# LED UCL's



## Chris Kennedy (Nov 19, 2007)

Worst thread ever???


----------



## Southeast Power (Jan 18, 2009)

Chris Kennedy said:


> Worst thread ever???


Chris,
I buy from Piedmont Plastics in Pompano. They sell the module type and the drivers are about $25 or so.
Most of the supply houses like World, have the tape kind in stock.
We're you looking for something specific?
Maybe a link would spark some feedback.


----------



## Southeast Power (Jan 18, 2009)

Chris Kennedy said:


> Anybody using UCL's from the big boxes? Whats good?
> 
> Thanks


Sorry Chris,
I will only install LED with a remote driver unless I cannot talk the customer out of it.
Are you looking at the strips or bar type.

I have fond memories of inch lights and the battle of the tiny connectors they required. No rope or MC in those days.


----------



## Southeast Power (Jan 18, 2009)

Chris Kennedy said:


> Worst thread ever???


Pretty much.


----------



## macmikeman (Jan 23, 2007)

jrannis said:


> Sorry Chris,
> I will only install LED with a remote driver unless I cannot talk the customer out of it.
> Are you looking at the strips or bar type.
> 
> I have fond memories of inch lights and the battle of the tiny connectors they required. No rope or MC in those days.


I take a step drill bit to the 3/8'' holes and make a proper 1/2'' ko in the back and put a plastic romex connector into them.

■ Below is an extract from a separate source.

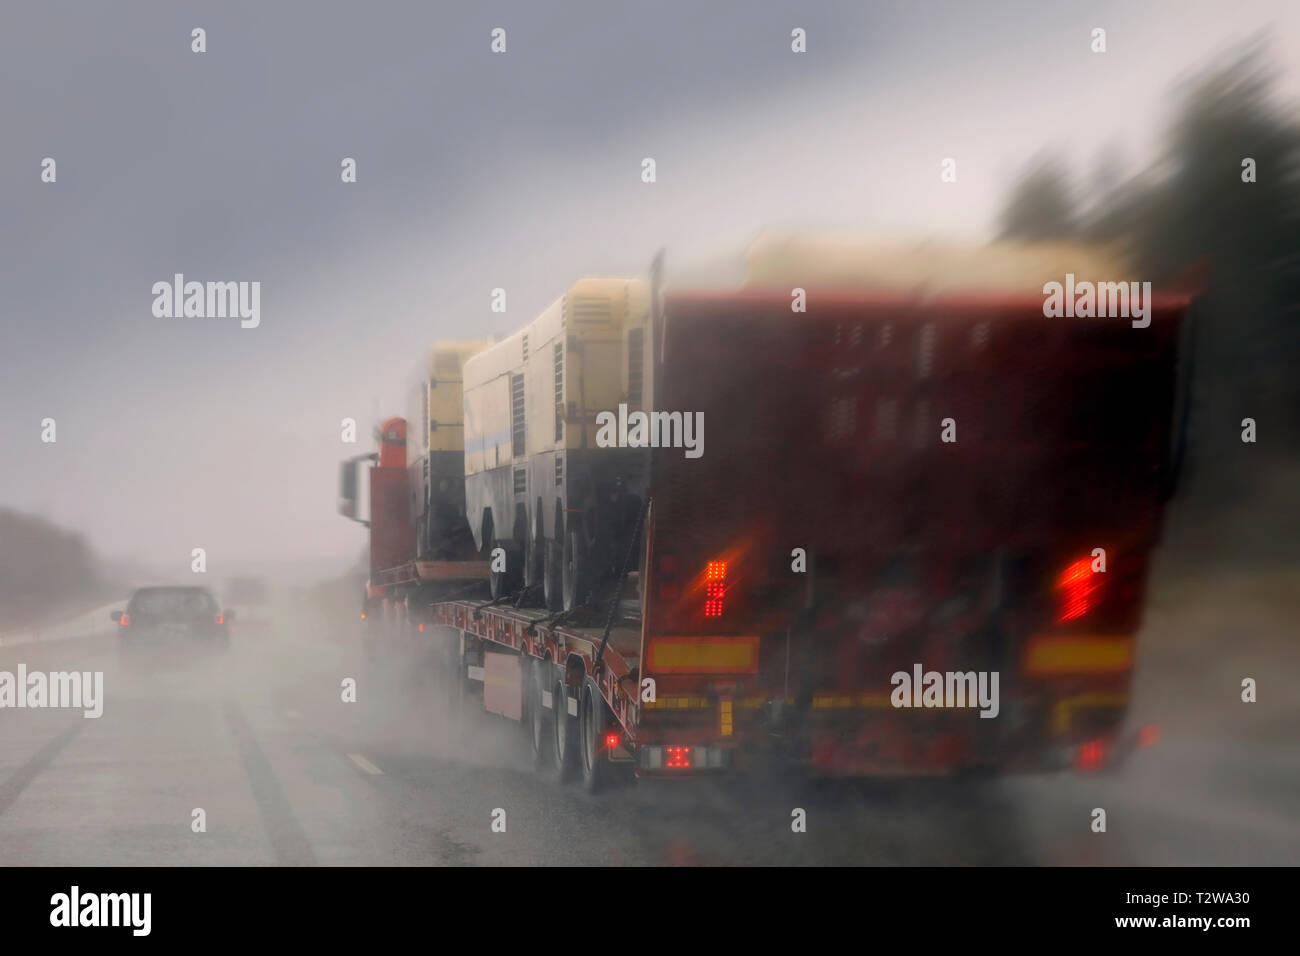 La guida lungo l'autostrada in pioggia e passando un semi carrello con un carico di macchinari, di spruzzi di acqua piovana, vista offuscata. Foto Stock
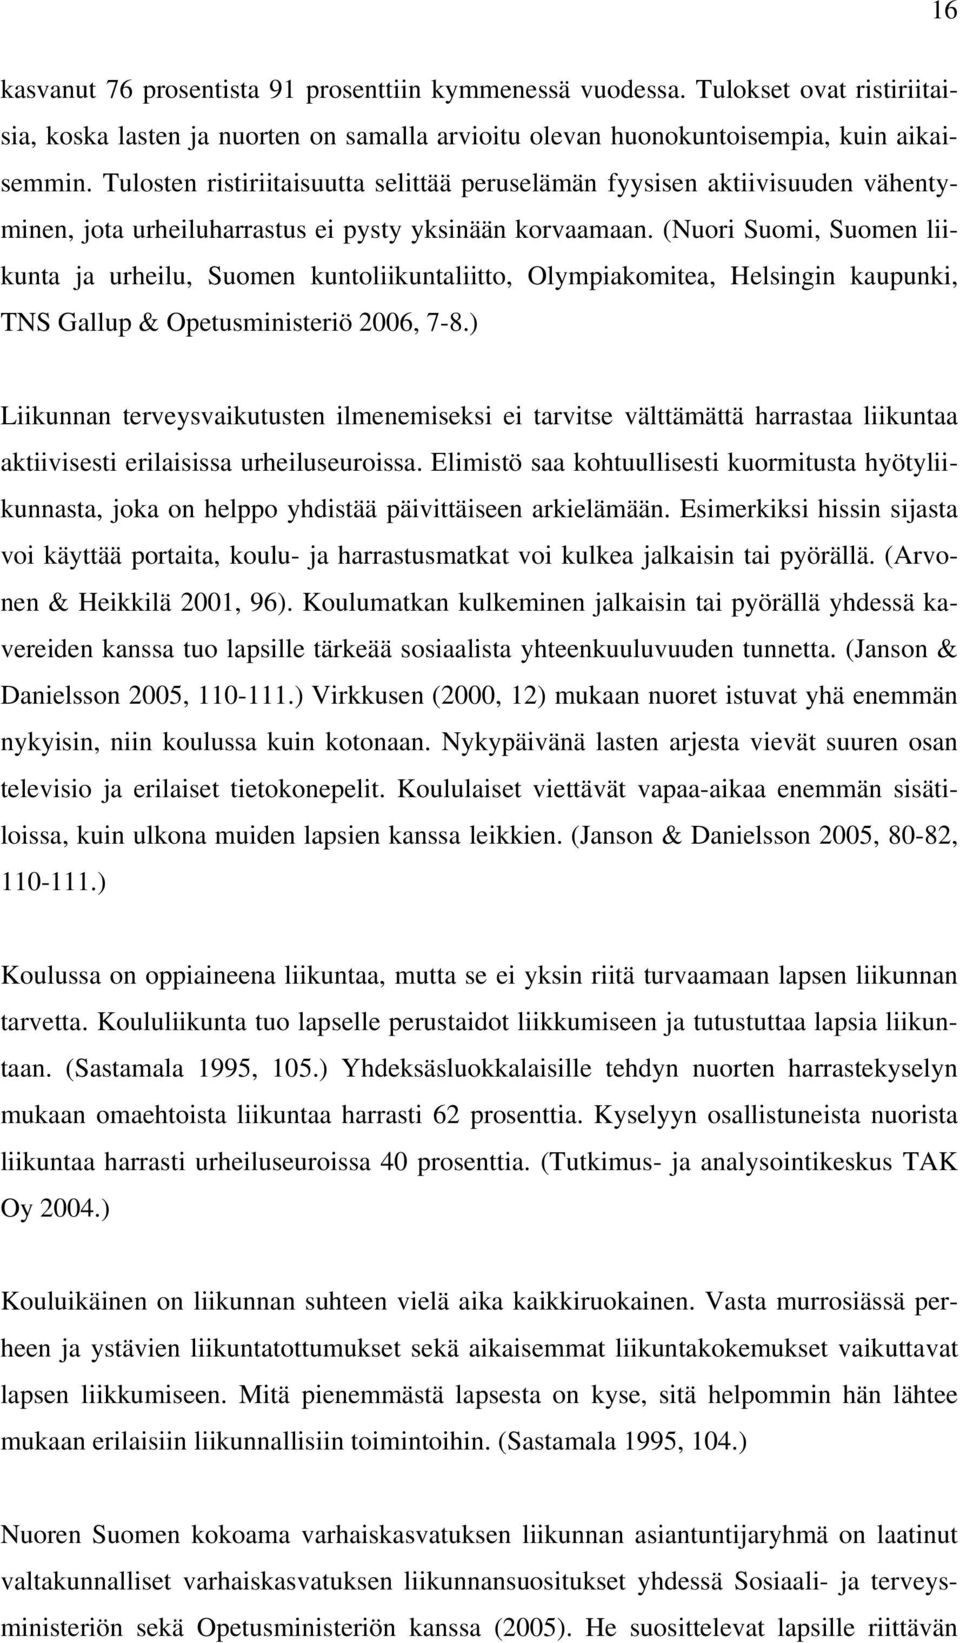 (Nuori Suomi, Suomen liikunta ja urheilu, Suomen kuntoliikuntaliitto, Olympiakomitea, Helsingin kaupunki, TNS Gallup & Opetusministeriö 2006, 7-8.

These are from Home Depot.


----------



## Chris Kennedy (Nov 19, 2007)

Its for a friend that wants to replace old T5 line voltage with LED. Looked at HD and Lowes but I have one cabinet with only 10½" clear and cant find an 8" LED. Don't want to use ribbon.

Thanks


----------



## JBrzoz00 (Nov 17, 2013)

Juno makes a undercabinet light that is the housing style in LED. They work great.


----------